Embracing the impermanence of beauty Michener Art Museum presents Judith Schaechter: Super/Natural

Pamela J. Forsythe, Broad Street Review, June 23 2025

There’s something eerie about Judith Schaechter’s people, currently on view in Super/Natural, an exhibition of the artist’s stained-glass work, at Michener Art Museum in Doylestown.

They seem plucked from Medieval villages, but that’s not it. It’s that they’re deeply distressed. Mouths are open in silent screams. Jaws are clenched in anger. Others just look despondent. The Philadelphia-based Schaechter says her people are in transition, experiencing the negative emotions that make joy, beauty, and happiness all the more pleasurable. She leaves those golden sentiments to our imagination.

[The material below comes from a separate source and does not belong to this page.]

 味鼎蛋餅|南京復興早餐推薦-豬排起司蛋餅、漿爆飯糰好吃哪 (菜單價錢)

The most agonized Schaechterians are Axe-Wielding Maniacs (2021), in which wild-eyed lumberjacks swing blades at stumps, logs, and one another. More a crisis than a transition, it’s the artist’s vivid commentary on environmental destruction and male rage.

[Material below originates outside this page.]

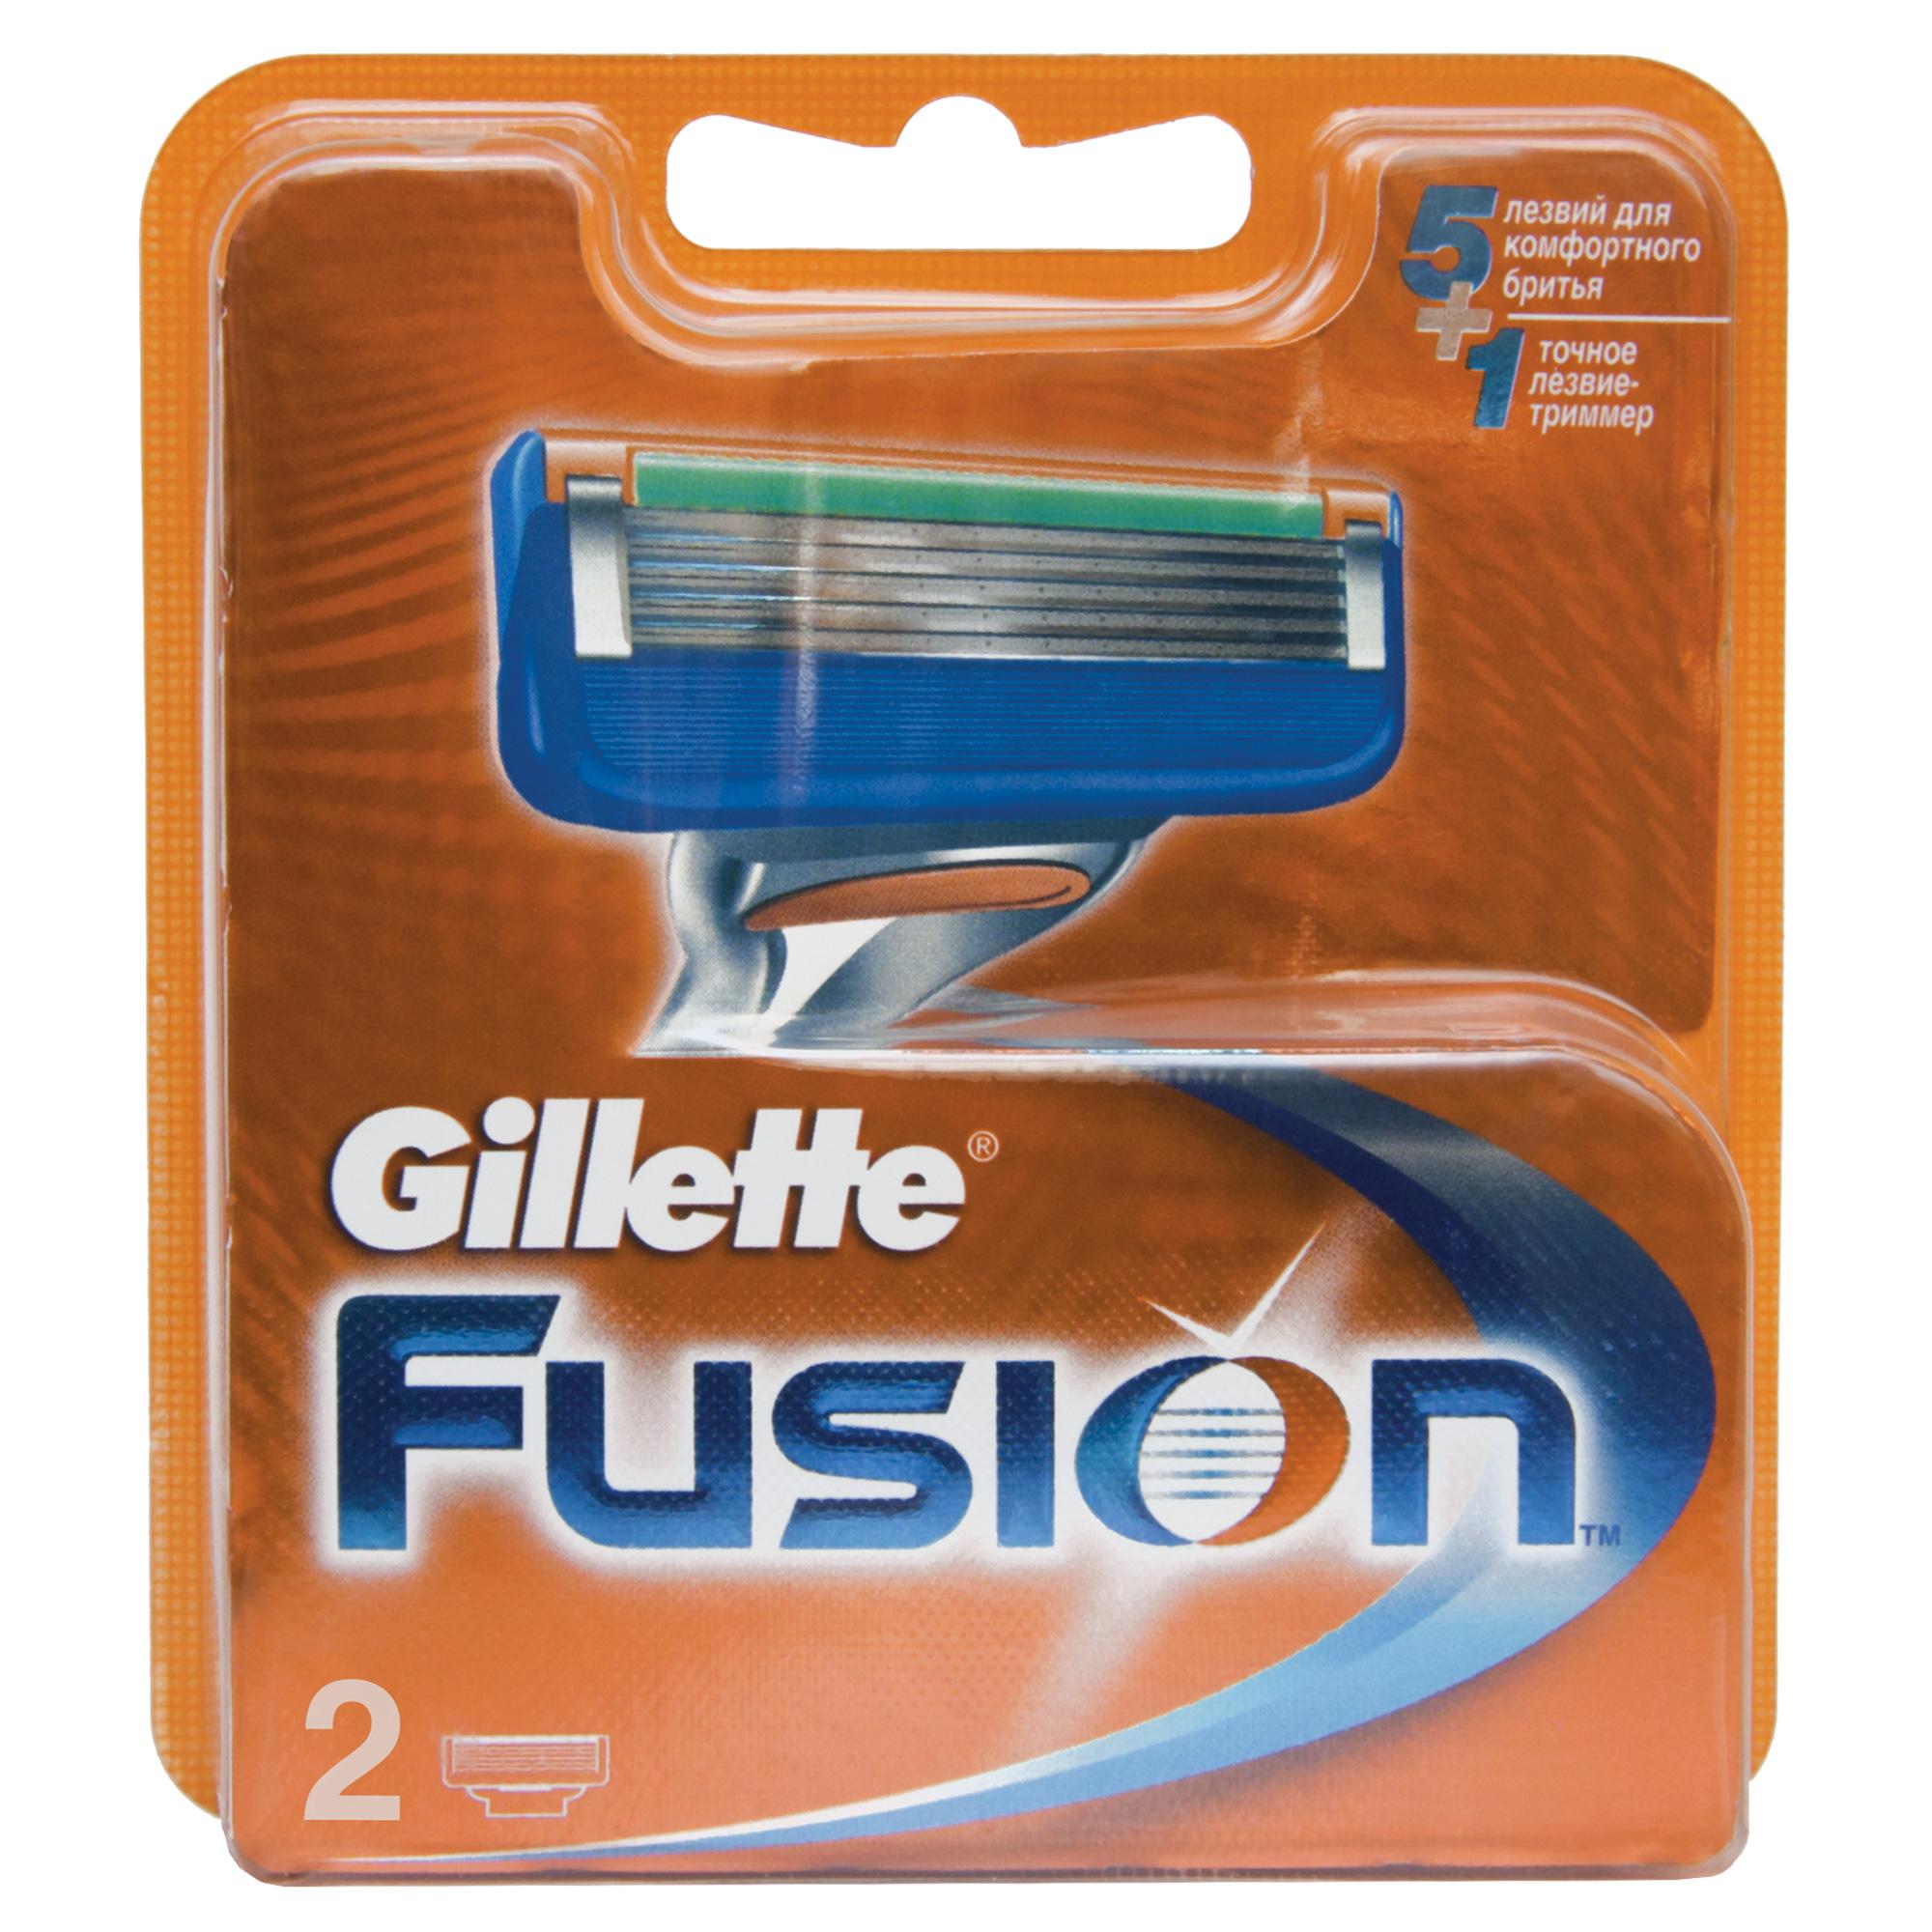 Gillette Fusion Сменные кассеты , 2 шт.EP9600F0Комфорт пяти лезвий + точность одного лезвия-триммера. Технология 5-лезвийной бреющей поверхности: 5 лезвий PowerGlide™, расположенных ближе друг к другу, позволяют снизить давление на кожу для уменьшения раздражения и большего комфорта чем у Mach3®. 15 специальных микро гребней Fusion помогают разглаживать неровную поверхность кожи, позволяя 5 лезвиям скользить максимально гладко. Увлажняющая полоска теряет цвет, сигнализируя о необходимости сменить лезвие. Преимущества: Комфорт пяти лезвий + точность одного лезвия-триммера. Технология из 5 лезвий обеспечивает меньшее давление на кожу по сравнению с бритвами Mach 3. Улучшенная увлажняющая полоска обеспечивает еще более плавное скольжение картриджа по поверхности кожи по сравнению с бритвами Mach 3. Лезвие-триммер оптимизирует бритье на сложных участках, таких как виски, область под носом и шея.

Beautiful medium, ugly subjects

Disturbed villagers are only part of Schaechter’s work and in fact, the piece that inspired the exhibition’s title contains no people at all. Instead, Super/Natural (2023-2025) features tightly woven, exquisitely detailed plants, flowers, and insects, bountiful tapestries that are Schaechter’s signature. Super/Natural is also the only work viewers can step into (from 11am to 3pm during gallery hours).

Schaechter gravitated to the medium of glass early in her career, writing “unlike most raw materials, glass is extremely attractive before the artist ever touches it. I found I like to really manipulate it, stretch it, and transform and distort it in unnatural ways. I like to see what possibilities lie in mating difficult emotional ideas with sensuous but cruel materials …. I found the beauty of glass to be the perfect counterpoint to ugly and difficult subjects.”